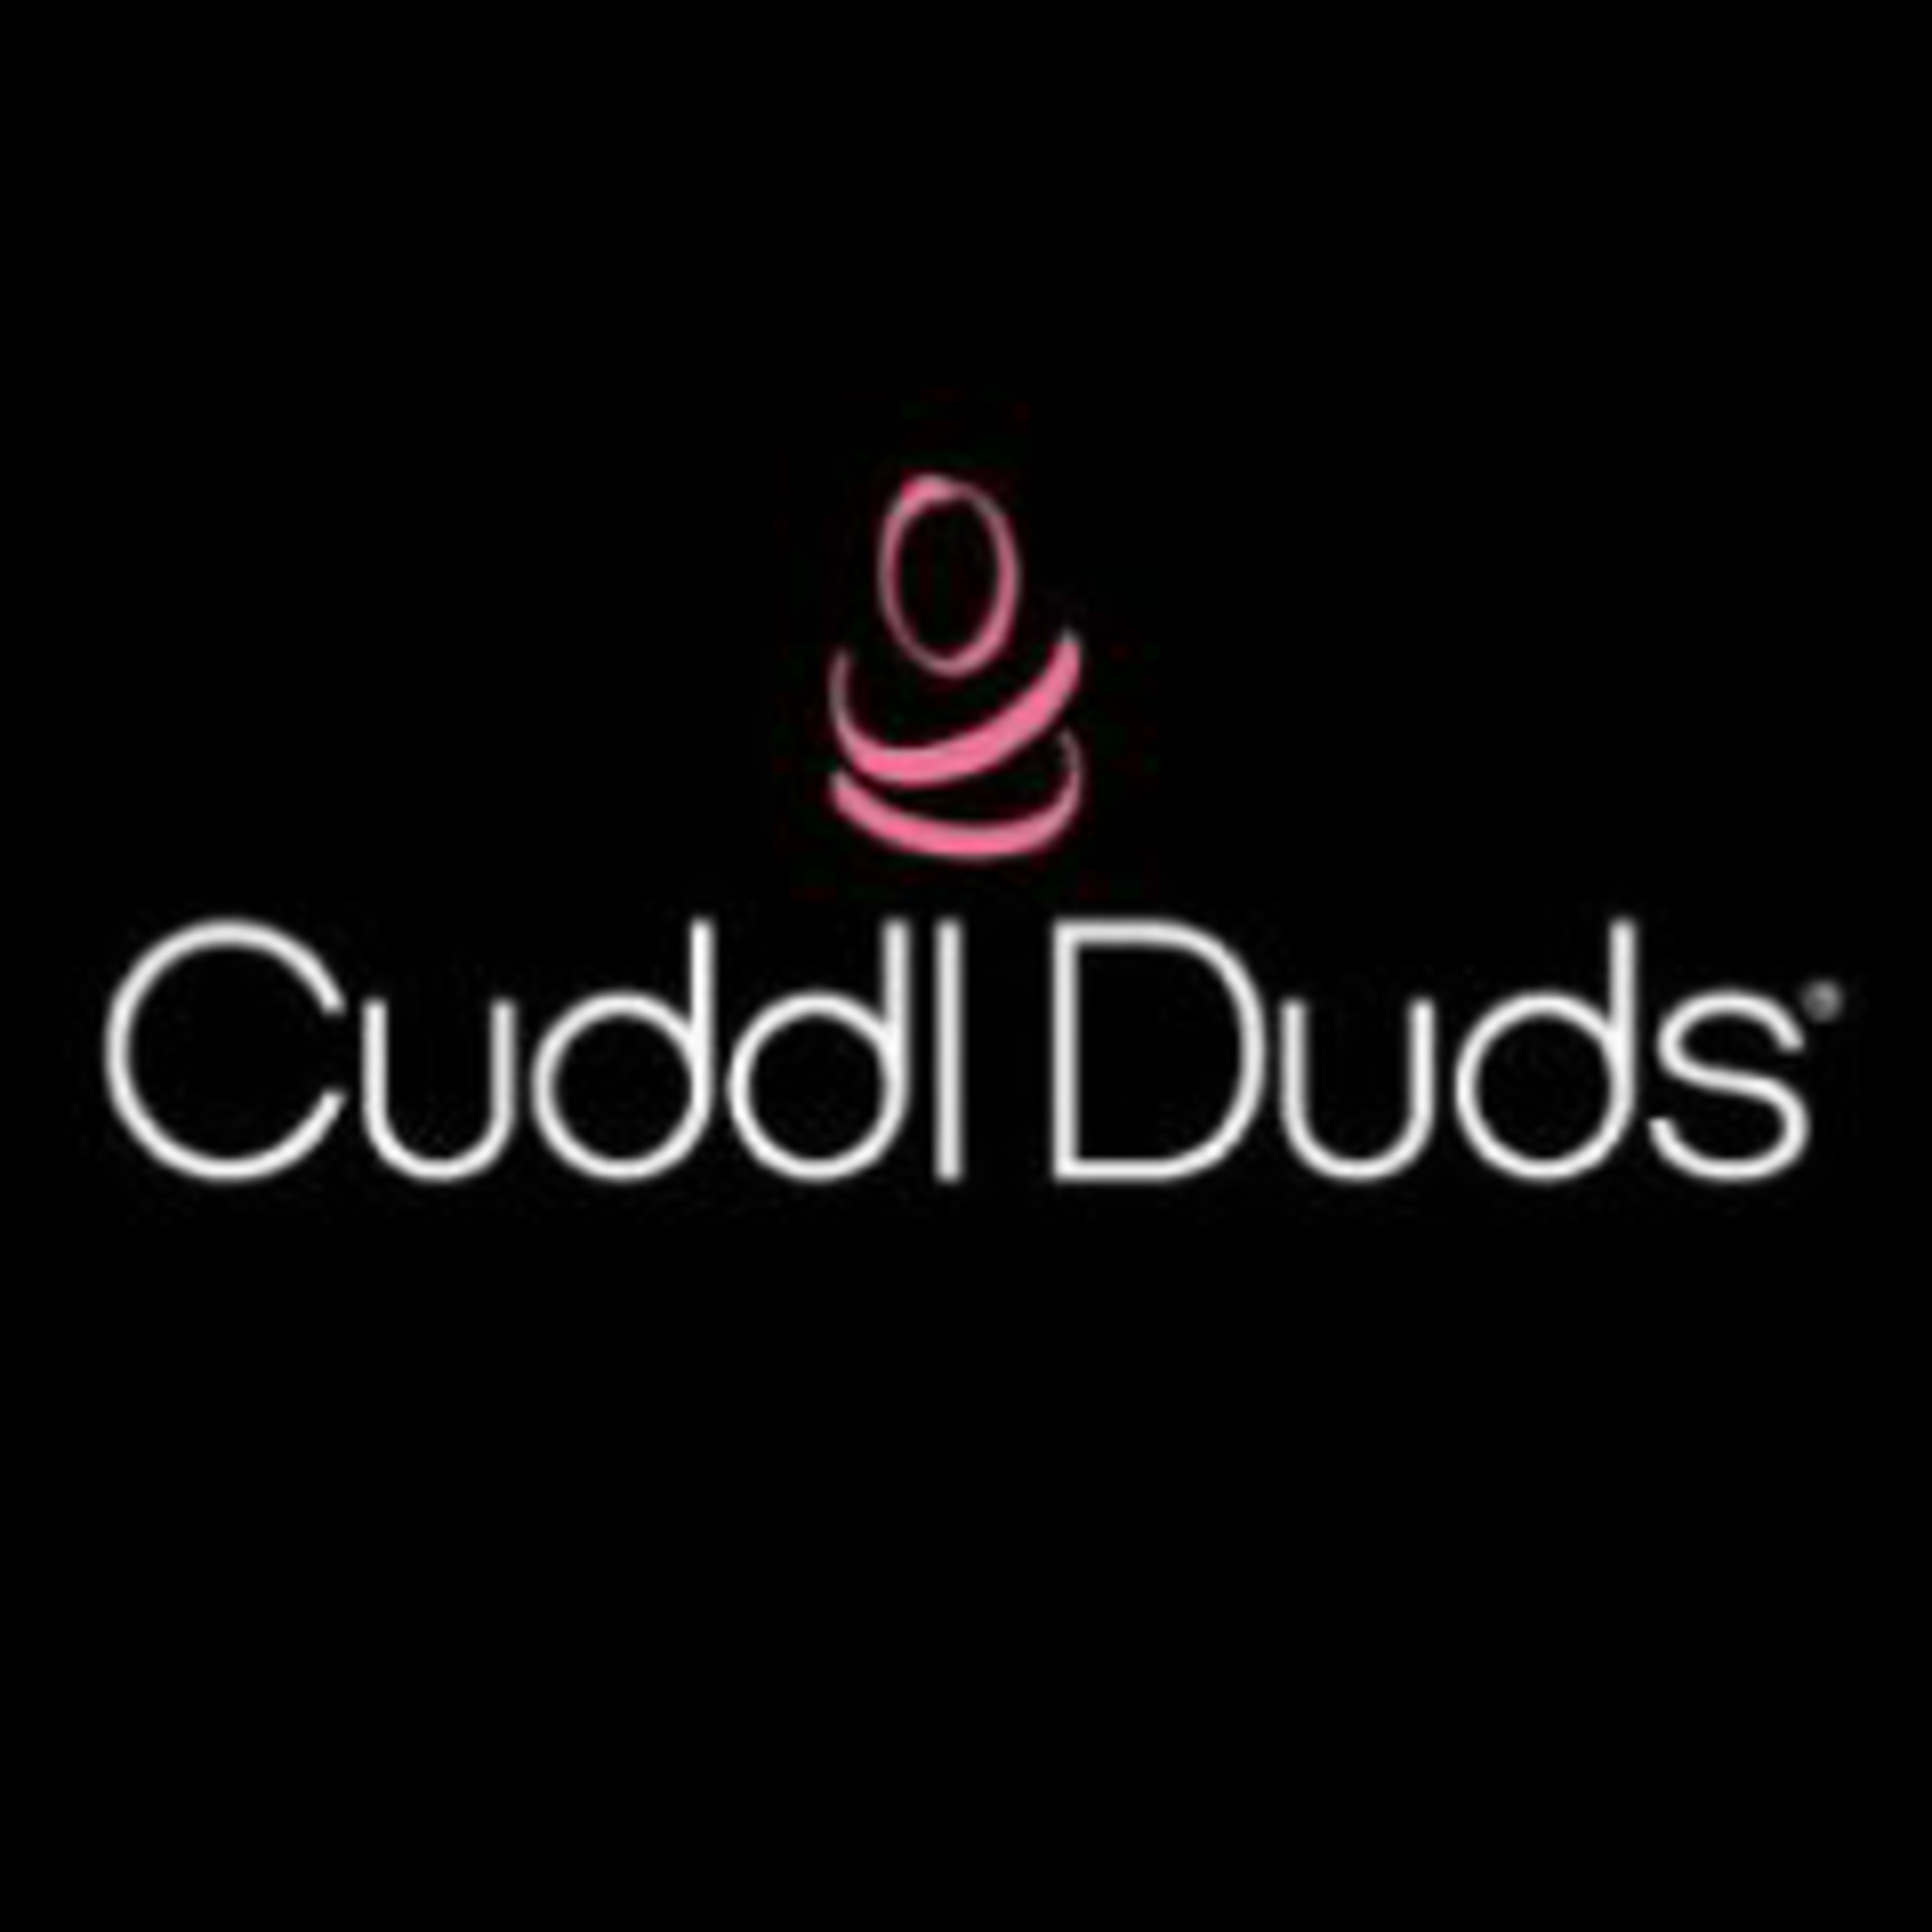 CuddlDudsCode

◇ ◇ ◇

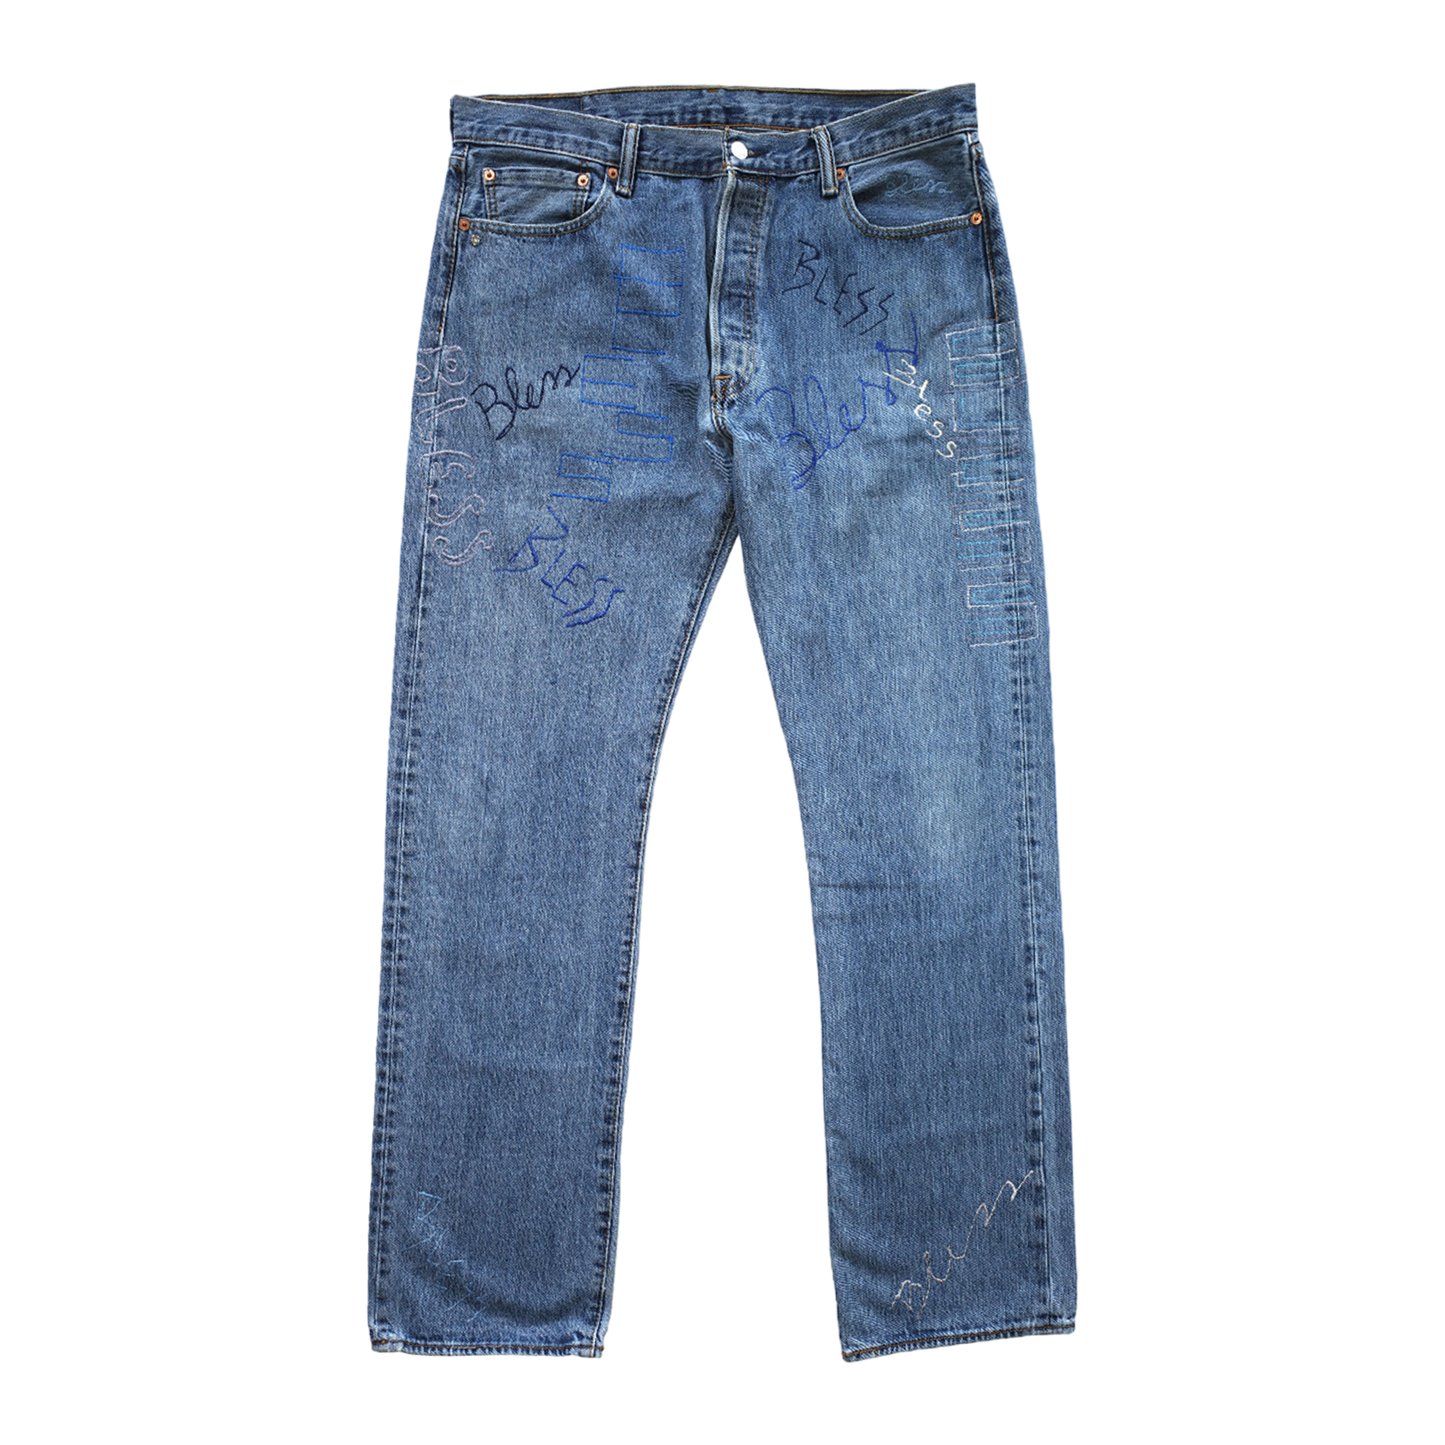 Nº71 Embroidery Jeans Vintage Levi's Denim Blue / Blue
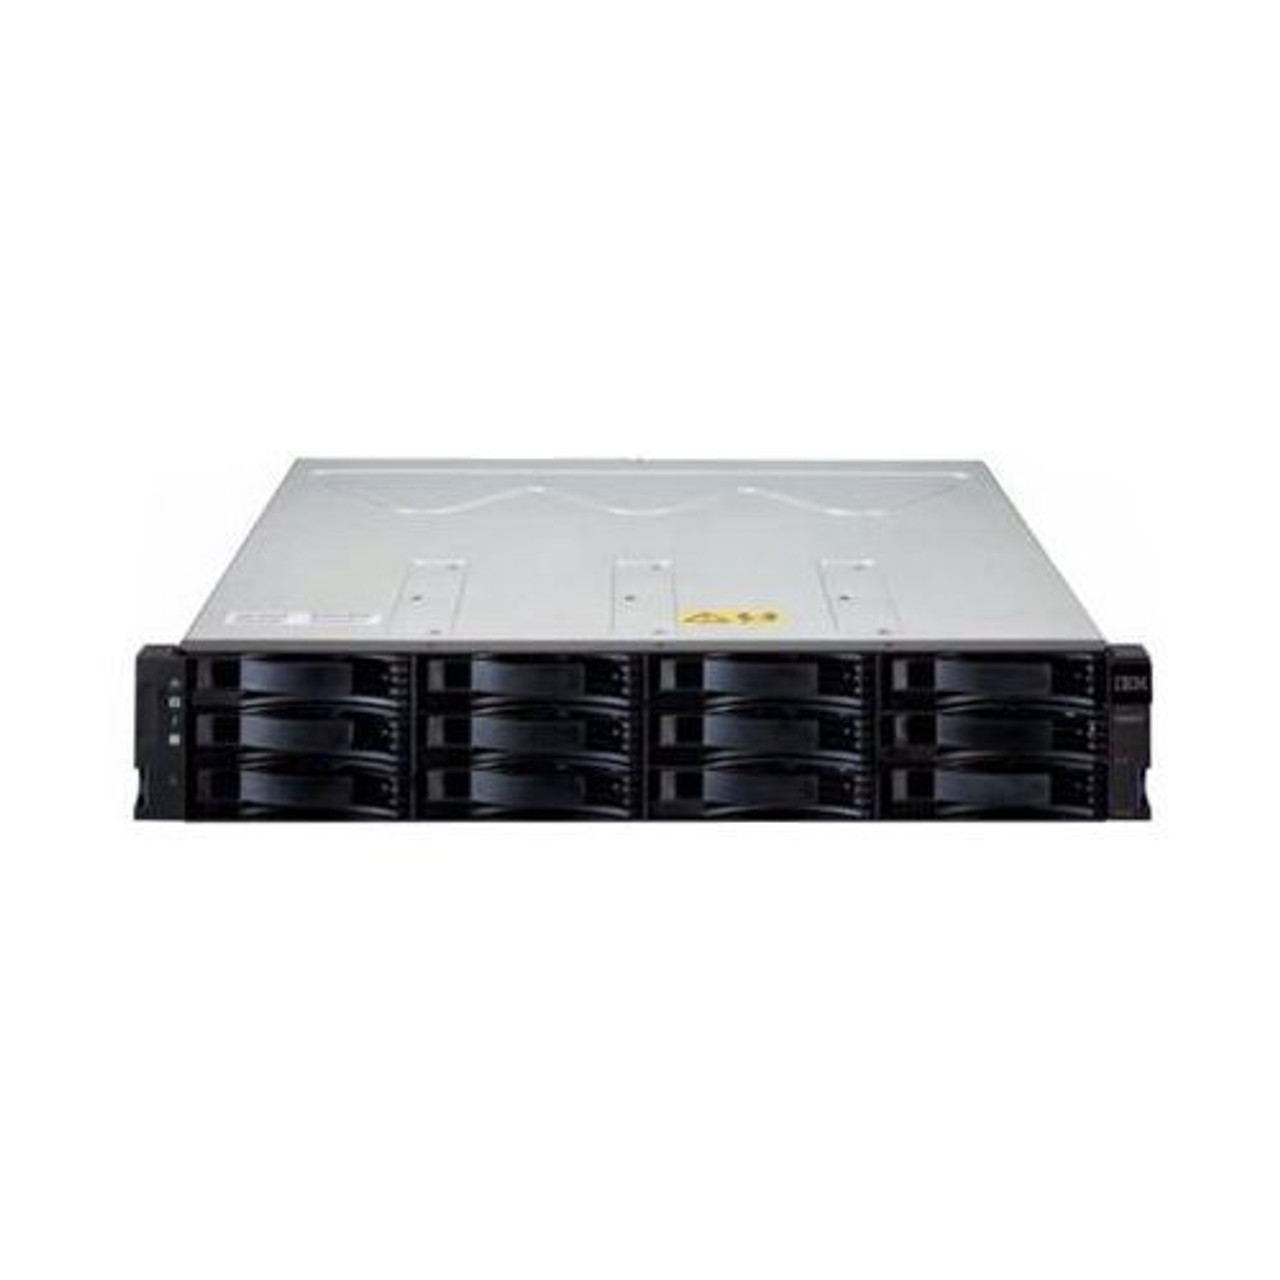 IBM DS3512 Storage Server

◇ ◇ ◇

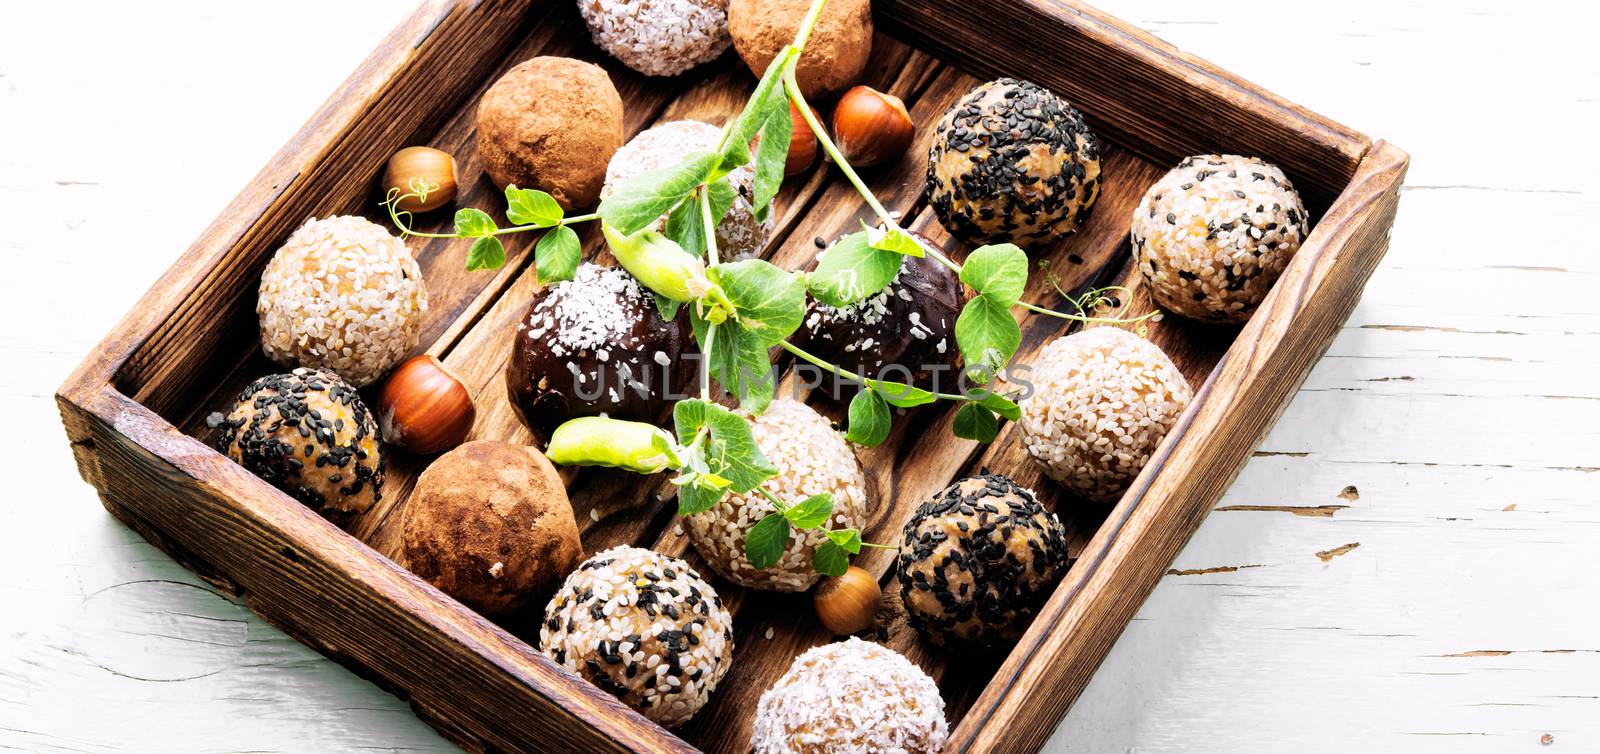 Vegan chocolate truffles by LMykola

◇ ◇ ◇

## EXERCISE DIRECTIONS:
Take only the lines above from the one that has "Nº71 Embroidery Jeans" through the one that has "IBM DS3512 Storage Server" and reproduce them exactly, omitting any pictures.

## EXERCISE RESULT:
 Nº71 Embroidery Jeans Vintage Levi's Denim Blue / Blue
 IBM DS3512 Storage Server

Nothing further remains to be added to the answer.